### Instructions to follow
Any picture in the data below gets skipped; print all the rest exactly.

### The data
========================================

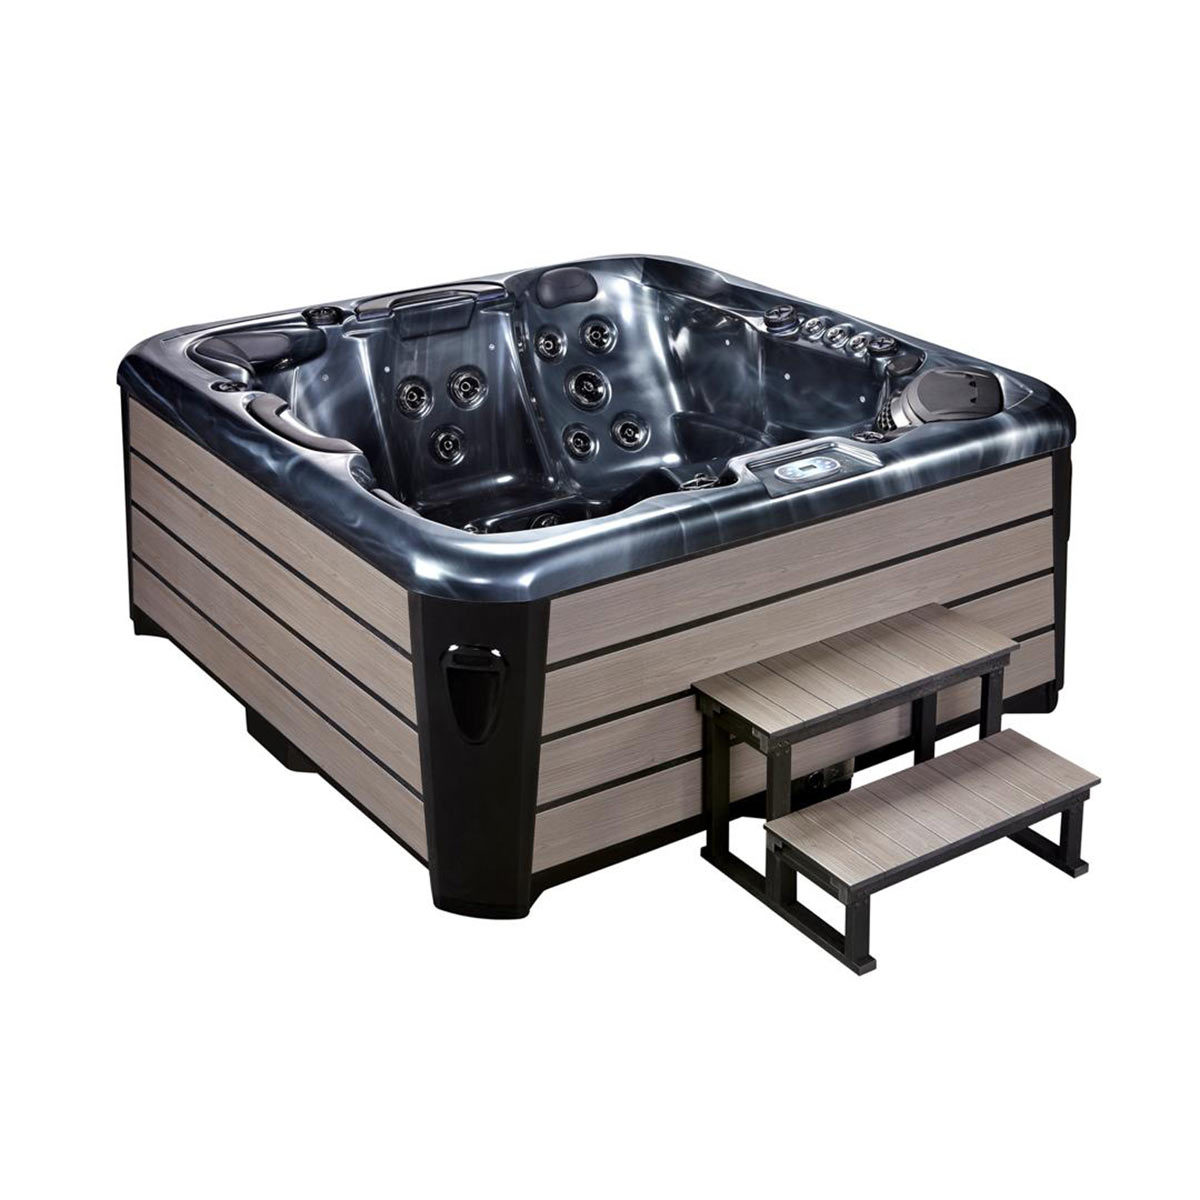 Platinum Spas Rhodes 54 Jet 5 Person Hot Tub Delivered And Installed In Black Costco Uk
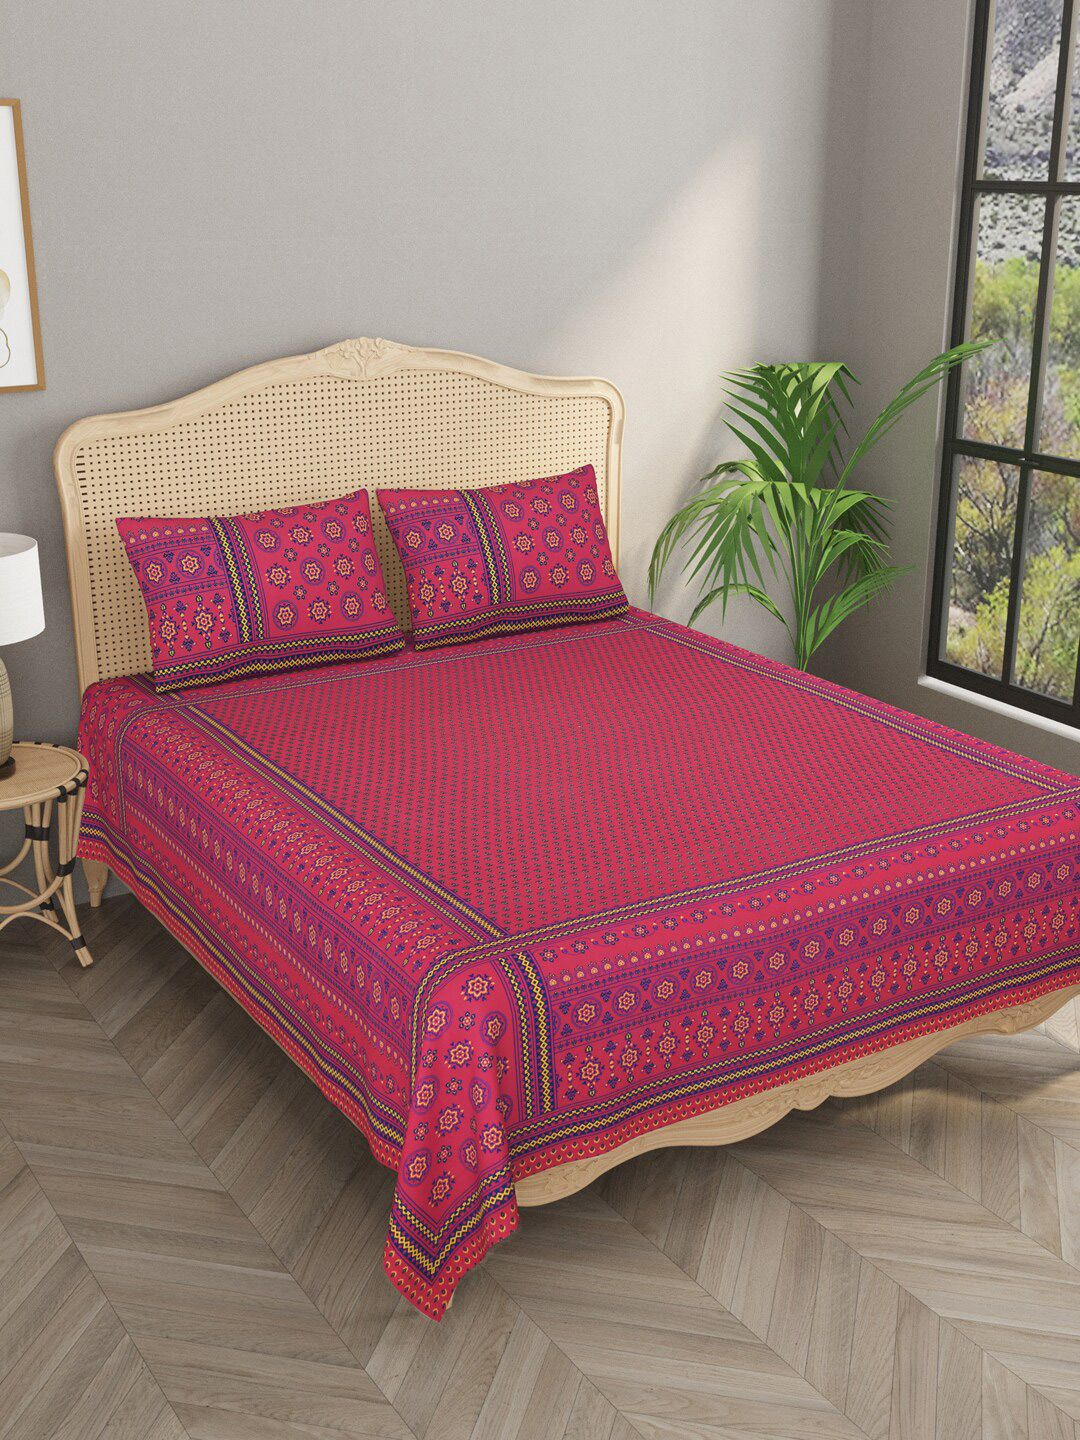 Gulaab Jaipur Pink & Purple Ethnic Motifs 400 TC King Bedsheet with 2 Pillow Covers Price in India
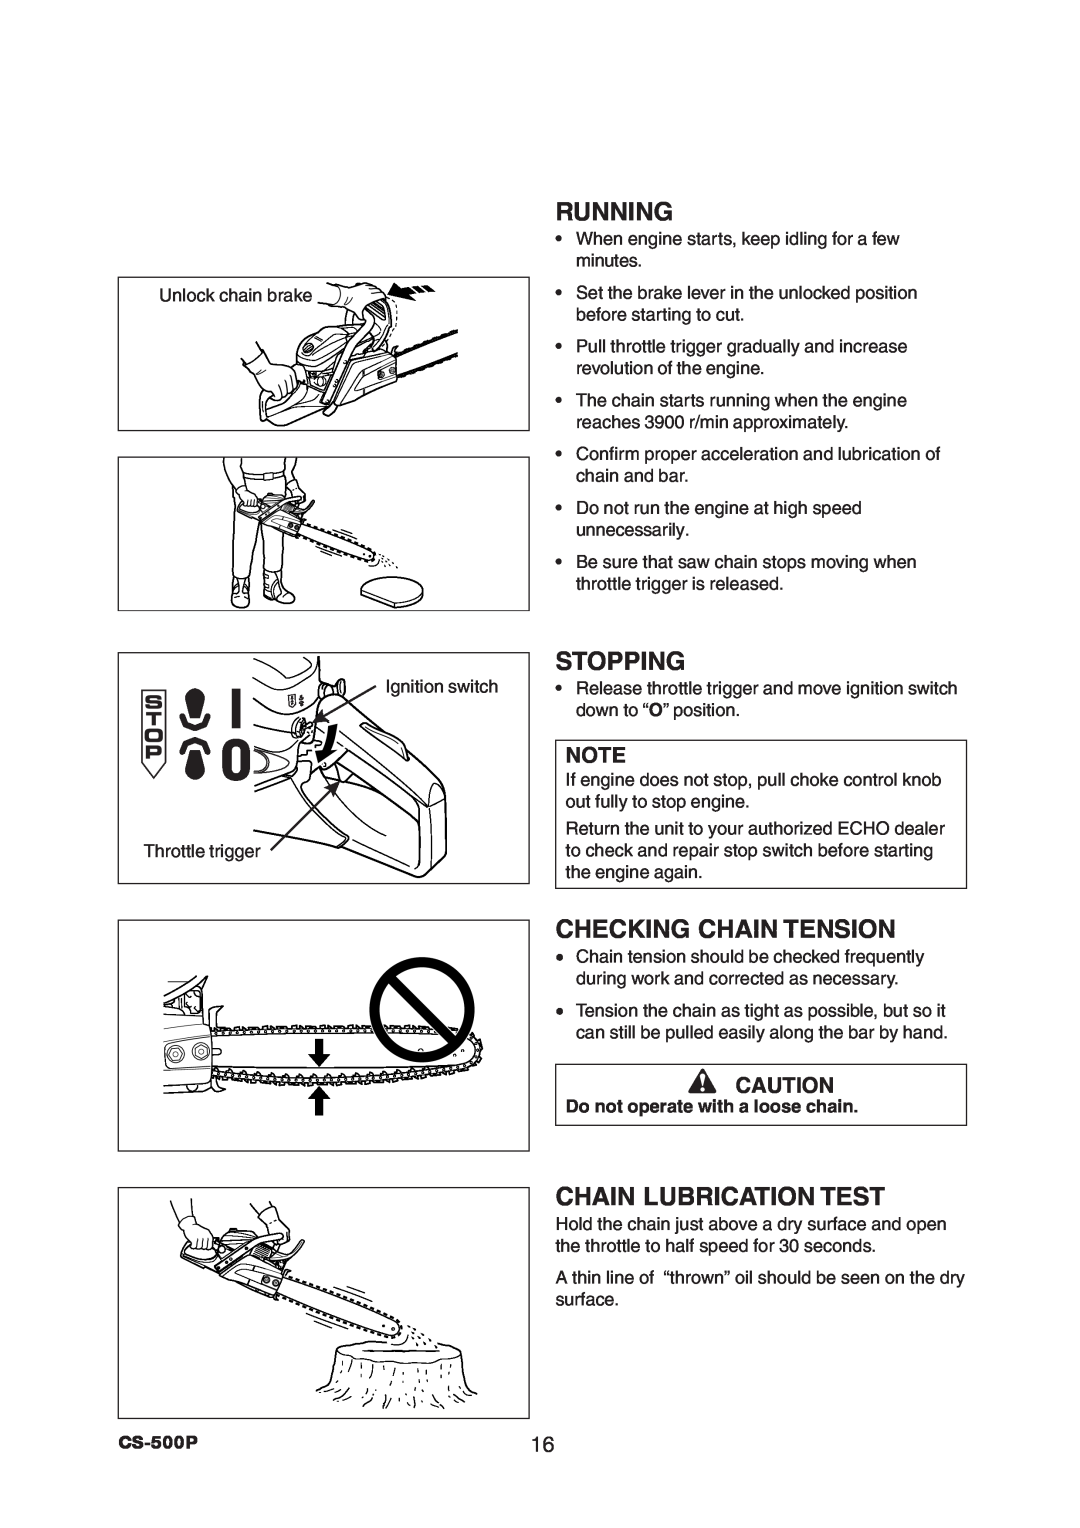 Echo CS-500P instruction manual Running, Stopping, Checking Chain Tension, Chain Lubrication Test 
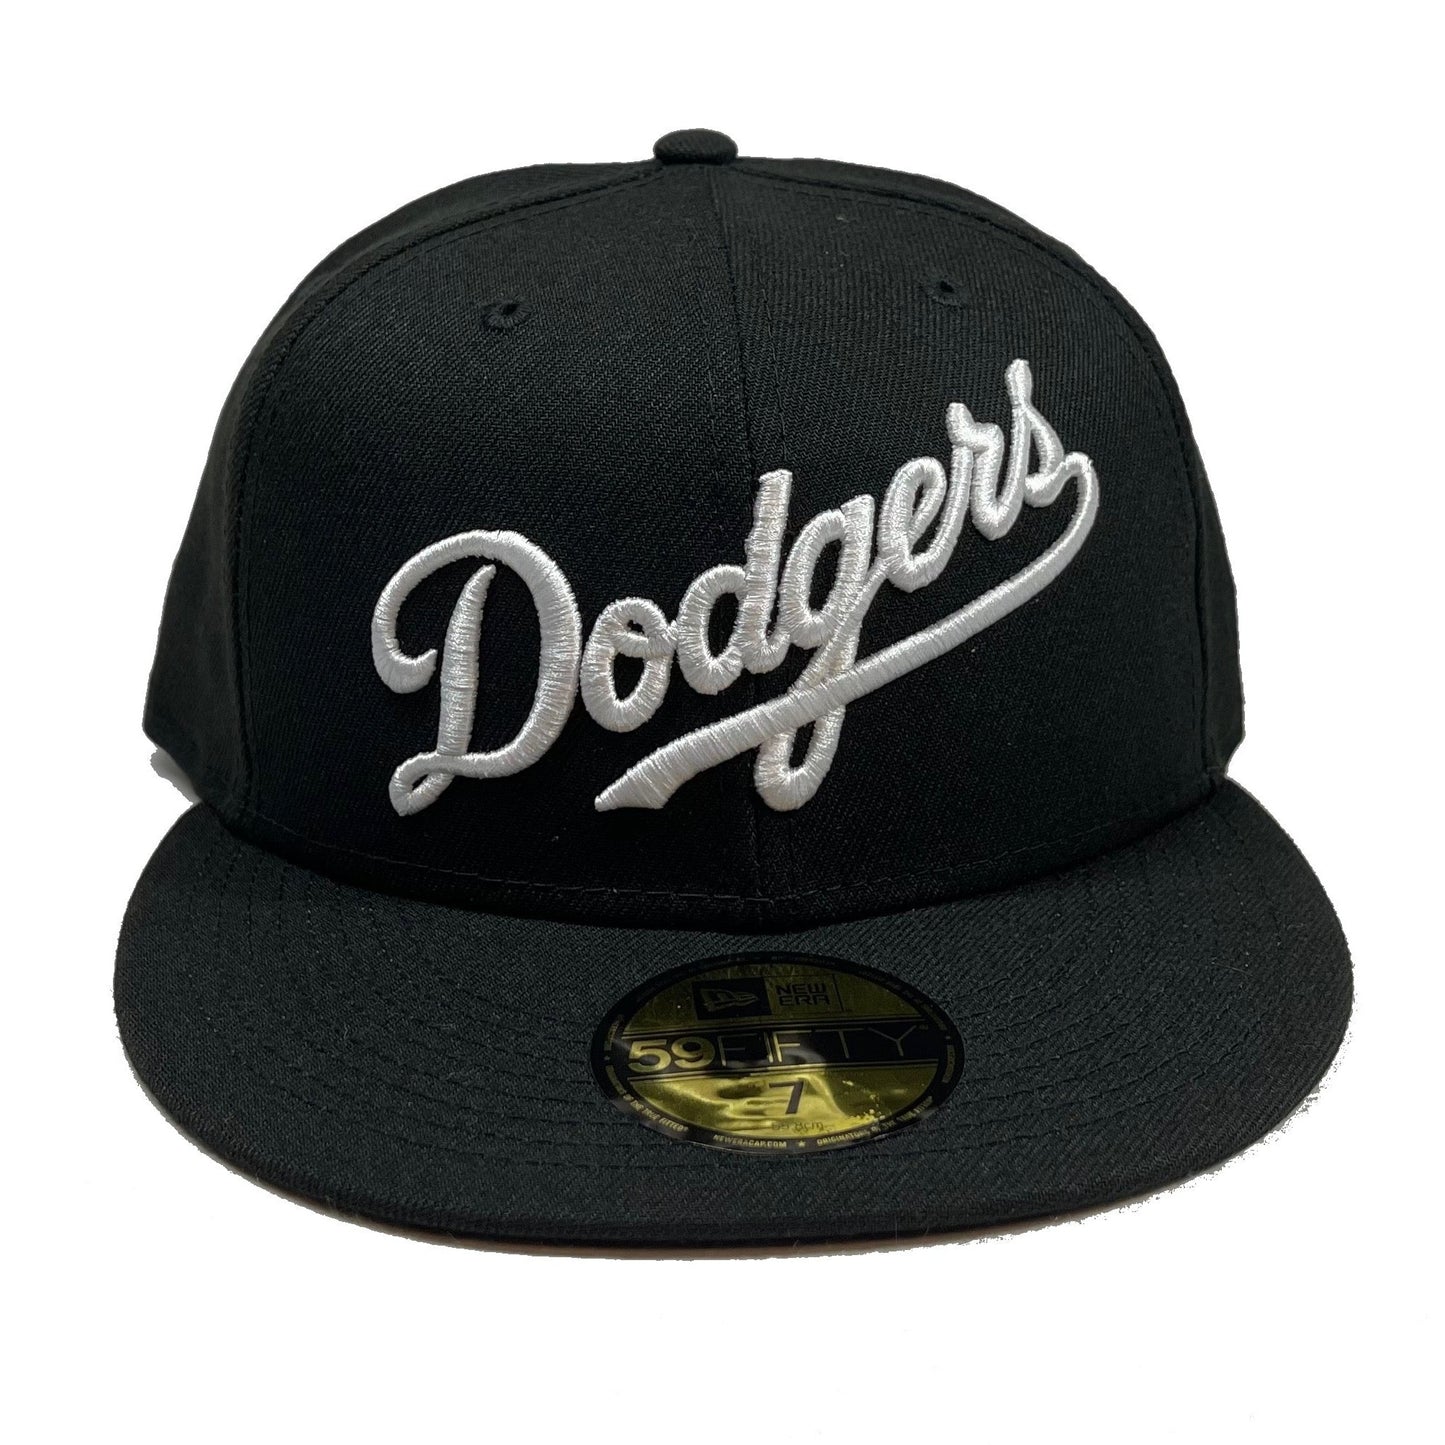 Los Angeles Dodgers (Black) Snapback/Fitted

========================================

### Answer area
 Platinum Spas Rhodes 54 Jet 5 Person Hot Tub Delivered And Installed In Black Costco Uk
 Gulaab Jaipur Pink & Purple Ethnic Motifs 400 TC King Bedsheet with 2 Pillow Covers Price in India
 Echo CS-500P instruction manual Running, Stopping, Checking Chain Tension, Chain Lubrication Test 
 Los Angeles Dodgers (Black) Snapback/Fitted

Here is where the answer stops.